The air discharge port 157 is larger than the inlet port 113 of the cylinder block 110 so that the time point at which air is discharged from the pumping space S3 and the time point at which air is sucked into the external combustion communication 141 may coincide. It may be formed at a position having a phase difference of approximately 45 to 120 degrees toward the rear side.

The first rotating space 154 and the second rotating space 155 are formed to correspond to the first operating space 111 and the second operating space 112 of the cylinder block 110, respectively, the first rolling The piston 152 and the second rolling piston 153 may be formed to correspond to the first rotor 120 and the second rotor 130, respectively. That is, a pumping blade 158 is formed on an outer circumferential surface of the first rolling piston 152, a pumping groove (not shown) is formed on the second rolling piston 153, and a skirt (not shown) is formed on the pumping blade 158. May be installed.

Reference numeral 159 in the drawing indicates a discharge valve.

The rotary engine of the present invention as described above is operated as follows.

That is, fuel and air are injected into the combustion space (S2) of the external combustion cylinder (141) to combust the fuel and rotate the first rotor (120) by using a high-pressure combustion gas generated as the fuel is combusted. You get power. In addition, by supplying water to the combustion space (S2) of the external combustion cylinder 141 to generate a high-pressure steam with the heat generated while burning the fuel, by using the steam to rotate the first rotor 120 by power You get

Looking at this in detail as follows.

First, when the switching gear 147 of the supply switching unit 146 rotates in engagement with the drive gear 124 or the driven gear 134, the switching shaft 148 coupled to the switching gear 147 is The rotation is linked to the first rotor 120 or the second rotor 130.

Then, among the switching cams 149a and 149b of the switching shaft 148, the first switching cam 149a turns on the first switch 142b of the fuel supply nozzle 142. ON) to open the combustion amount control valve 142a.

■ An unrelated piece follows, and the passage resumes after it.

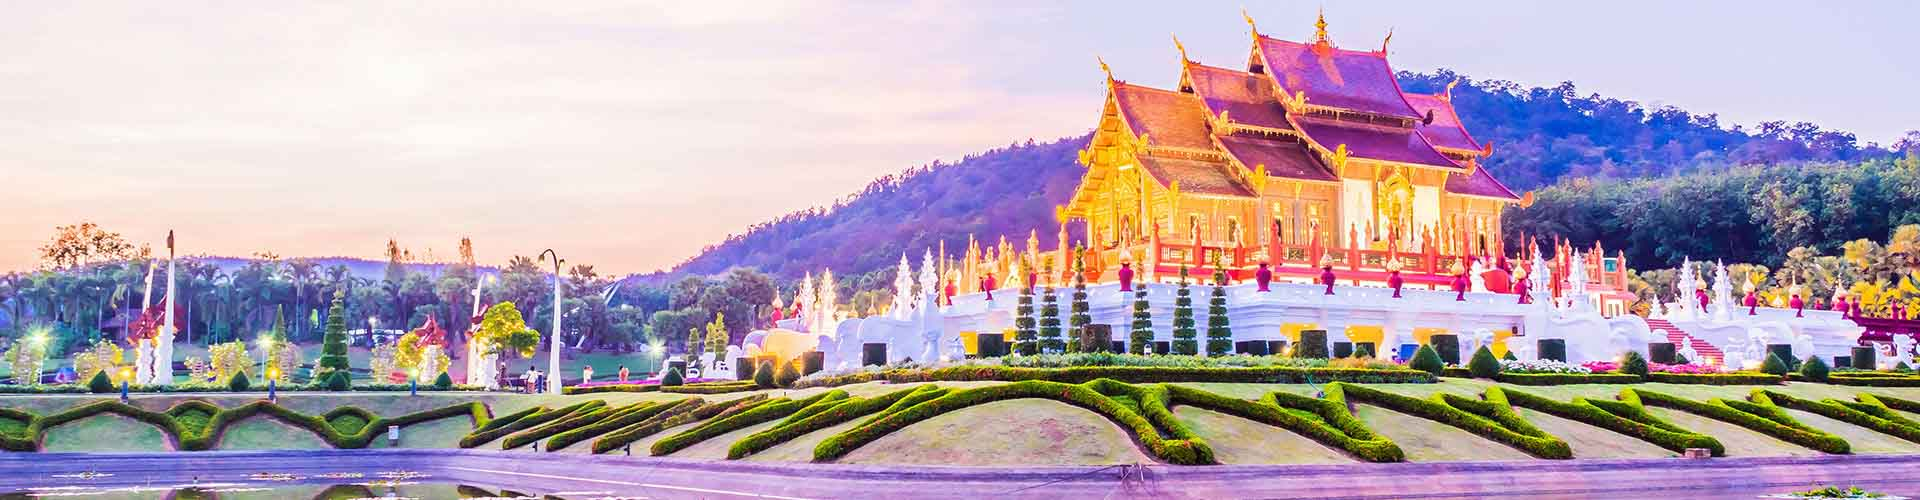 Chiang Mai - Hoteles baratos en Chiang Mai. Mapas de Chiang Mai, Fotos y comentarios de cada Hotel en Chiang Mai.

Then, as shown in FIGS. 8 and 9, a predetermined amount of fuel is supplied to the combustion space S2 of the external combustion cylinder 141, and at the same time, the spark plug 145 is operated to supply the combustion space S2. By burning the used fuel, a high pressure combustion gas is generated.

Then, the combustion gas of the combustion space (S2) is introduced into the back pressure space (S1) through the working gas supply pipe 146 and the inlet port 113, by the pressure of the combustion gas introduced into the back pressure space (S1) As the driving blade 122 is pushed, the first rotor 120 rotates in a counterclockwise direction as shown in the drawing to generate power for rotating the first rotating shaft 123 in a counterclockwise direction.

Next, when the switching shaft 148 further rotates, the first switching cam 149a is separated from the first switch 142b of the fuel supply nozzle 142 and the first switch of the fuel supply nozzle 142. 142b is turned OFF to stop the supply of fuel, and the second switching cam 149b momentarily turns on the second switch 143 of the water supply nozzle 143 to adjust the amount of water. 143a) is opened.

Then, as shown in FIGS. 10 and 11, a predetermined amount of water is injected into the combustion space S2 of the external combustion cylinder 141, and the water injected into the combustion space S2 is the combustion space S2. Steam is generated as it is evaporated by the high heat generated by burning the fuel.

Then, the steam of the combustion space (S2) is introduced into the back pressure space (S1) through the working gas supply pipe 146 and the inlet port 113, by the pressure of the steam introduced into the back pressure space (S1) As the driving blade 122 is pushed, the first rotor 120 rotates in a counterclockwise direction as when the first rotor 120 rotates by combustion gas, thereby generating power for rotating the first rotating shaft 123 counterclockwise. do.

Next, when the switching shaft 148 further rotates, the second switching cam 149b is separated from the second switch 143b of the water supply nozzle 143 and the second switch of the water supply nozzle 143 is rotated. 143b is turned off to stop the supply of water, and the first switching cam 149a turns on the first switch 142b of the fuel supply nozzle 142 again to temporarily turn on the external combustion communication. A series of processes for supplying a certain amount of fuel to the combustion space S2 of 141 is repeated.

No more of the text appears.